= Anthora =

Coffee cup design

The Anthora is a design for a disposable paper cup for coffee. The design is known for its association with New York City.

==History==
The cup was originally designed by Leslie Buck of the Sherri Cup Company in 1963, to appeal to Greek-owned coffee shops in New York City, and was later much copied by other companies. Sherri was later acquired by the Solo Cup Company, which in turn was acquired by Dart Container in 2012. The name is said to come from Buck's Eastern European-accented pronunciation of the word amphora.

Sales of the cup reached 500 million in 1994, and fell to about 200 million cups annually by 2005. One New York Times writer in 1995 called the Anthora "perhaps the most successful cup in history". Solo halted production in 2006, but continued to license the design. By 2007, it was mentioned in passing in a New York Times television review as "one of those endangered artifacts". Production restarted in 2015.
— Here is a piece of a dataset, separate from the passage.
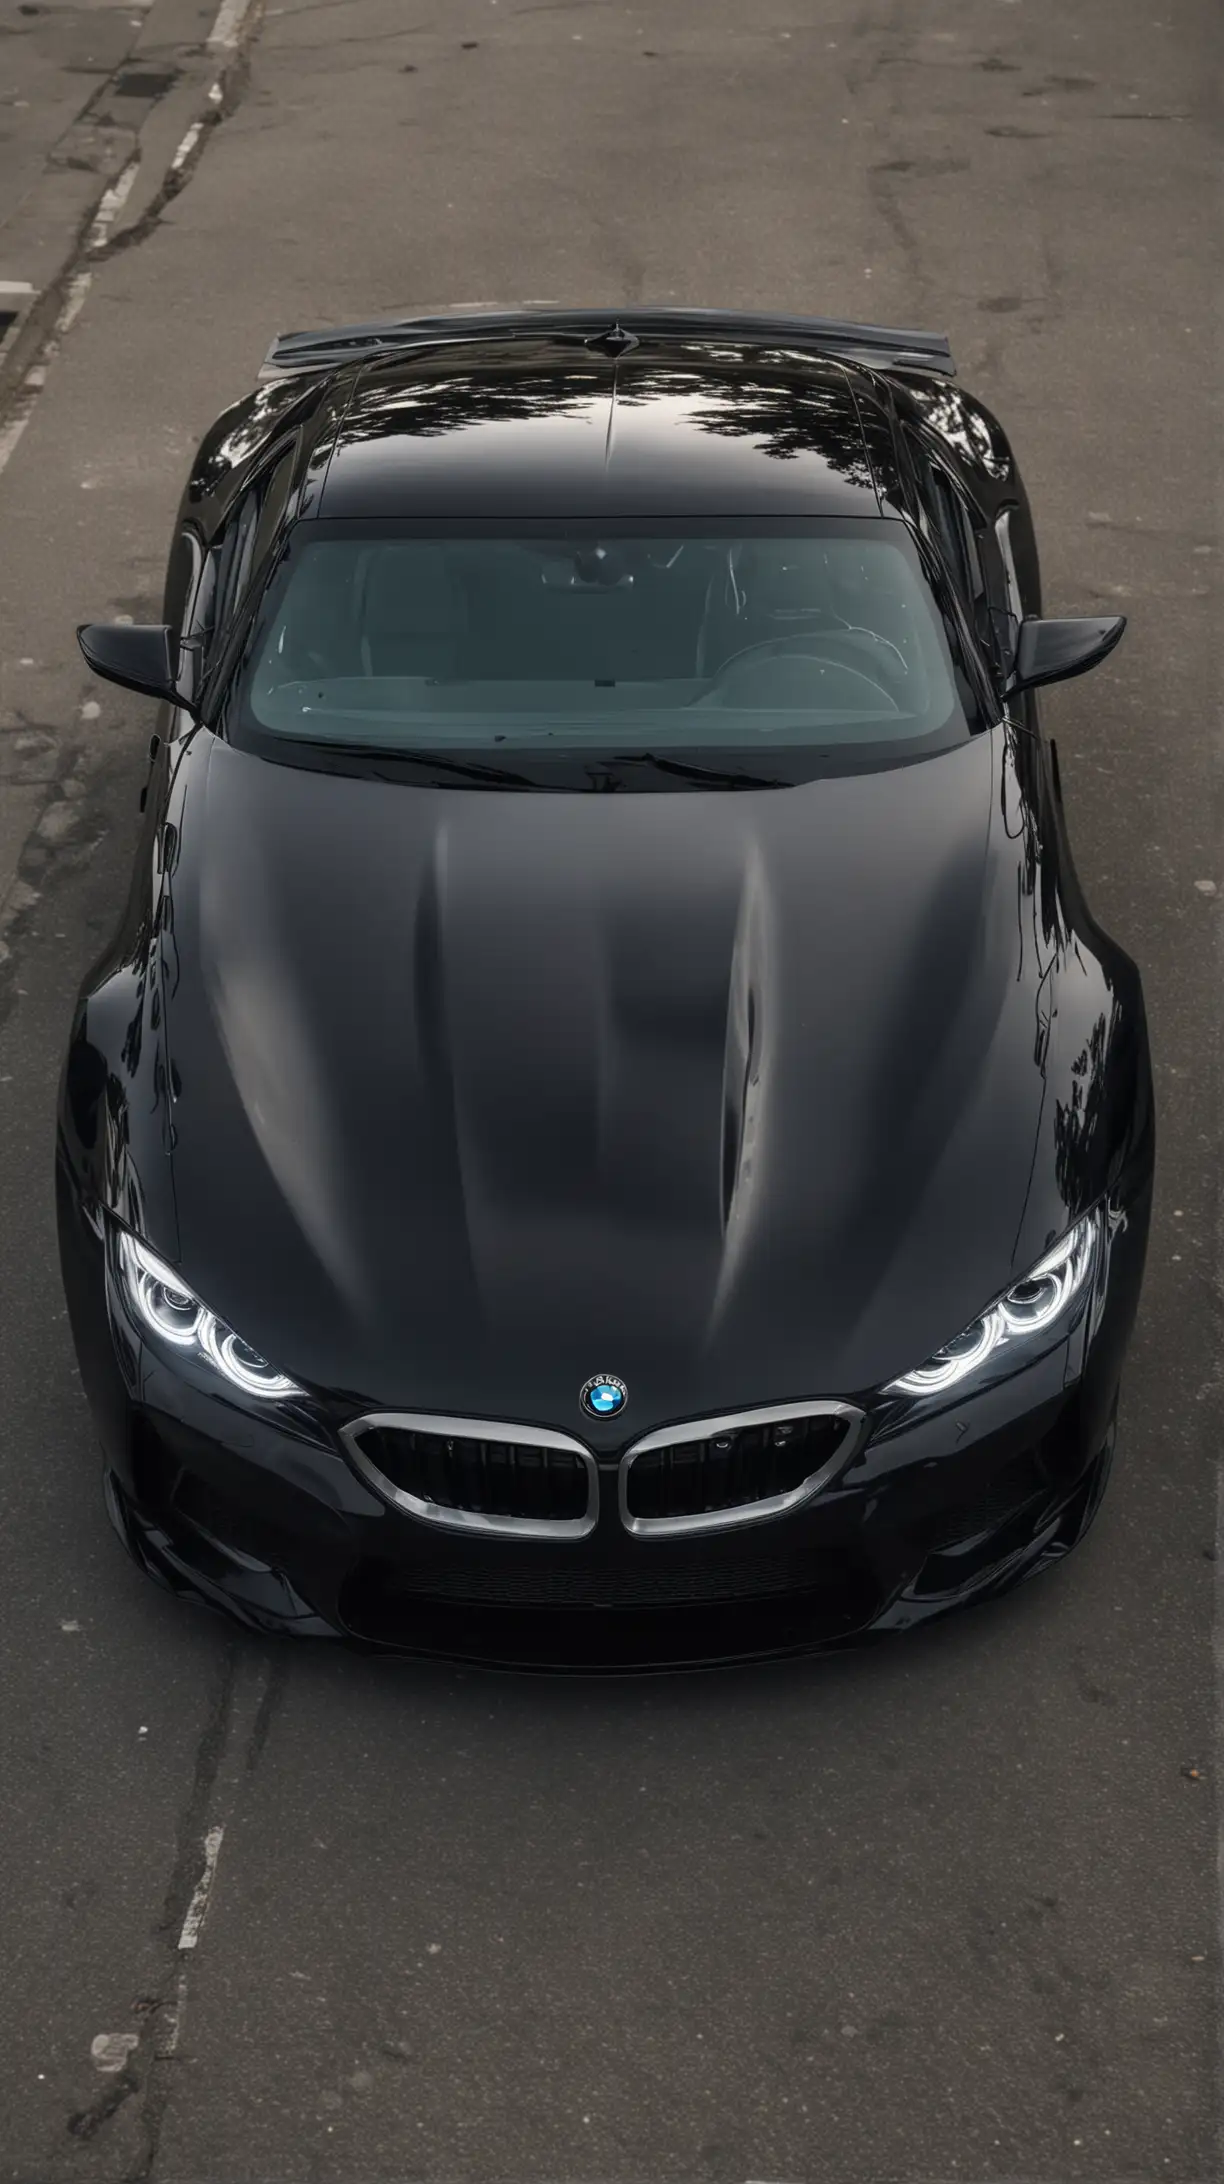 Black BMW super sports car with headlights on, front view

Buck never received royalties from his design, but as a salesman he was well-remunerated for the product's success. When he retired from Sherri Cup Company in 1992, he was presented with 10,000 Anthoras printed with a testimonial inscription. After Buck's death in 2010, a New York Times writer described the motto on the cup as having "welcome intimations of tenderness, succor, and humility".

== Design ==
The original Anthora depicts an image of an Ancient Greek amphora, a Greek key design on the top and bottom rim, and the words "WΣ ARΣ HAPPY TO SΣRVΣ YOU" in angular script intended to evoke ancient Greek epigraphy and using Σ to represent the letter E. There are three steaming cups of coffee below the slogan. The blue and white colors were inspired by the flag of Greece. The original capacity was 10 USfloz; 8 ounce versions are also made.
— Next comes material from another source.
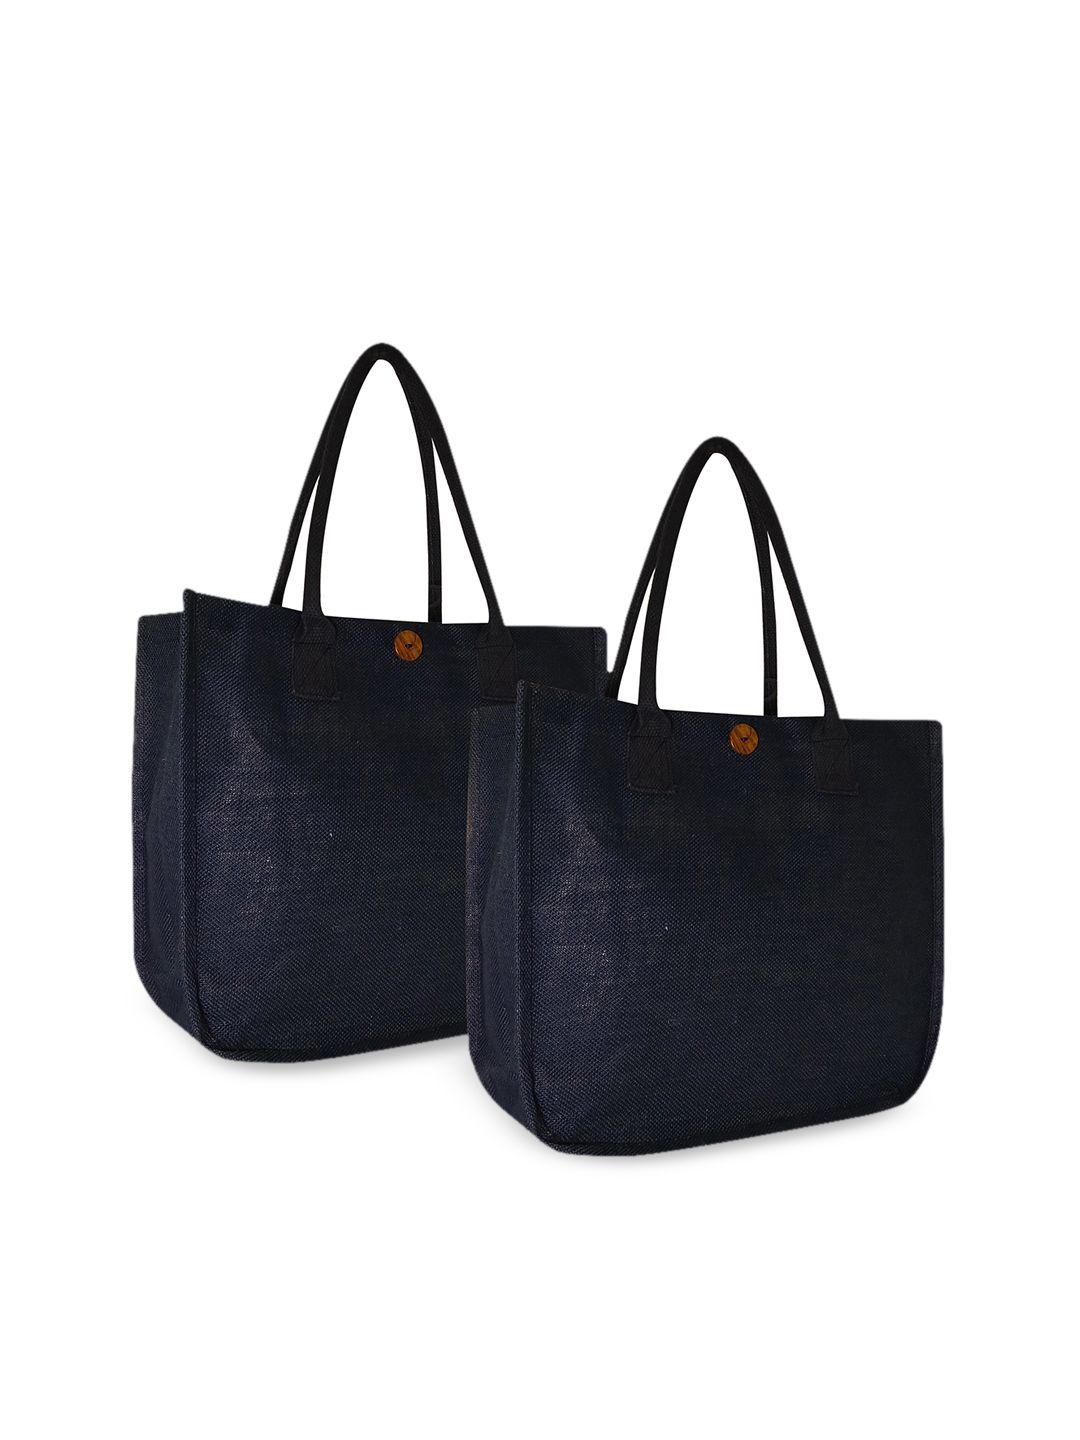 earthbags pack of 2 blue textured oversized shopper tote bags

There are also variant knock-offs; a popular one produced by Premier Cup portrays a discus-thrower; others depict the Parthenon, a harpist, and so on, and have variant slogans such as "We Are Pleased To Serve You".

== Culture ==

Front and side view of ceramic Anthora cup, showing the skeuomorphic seam and rounded lip

The Anthora has been displayed in the Design Department of the Museum of Modern Art, in an exhibition at the Clark Art Institute on "The Persistence of Classicism", and in an article on "A History of New York in 50 Objects". It has been featured in various movies and television, where it is used to "evoke Gotham at a glance".

In 2003, Graham Hill of the design group ExceptionLab designed a ceramic replica reproducing the construction of the paper cup as a skeuomorph, converting it from disposable to permanent; it is sold at the Museum of Modern Art shop.

In 2004, NBC commissioned a special edition of the Anthora for the 2004 Summer Olympics, including its peacock logo and the Olympic rings.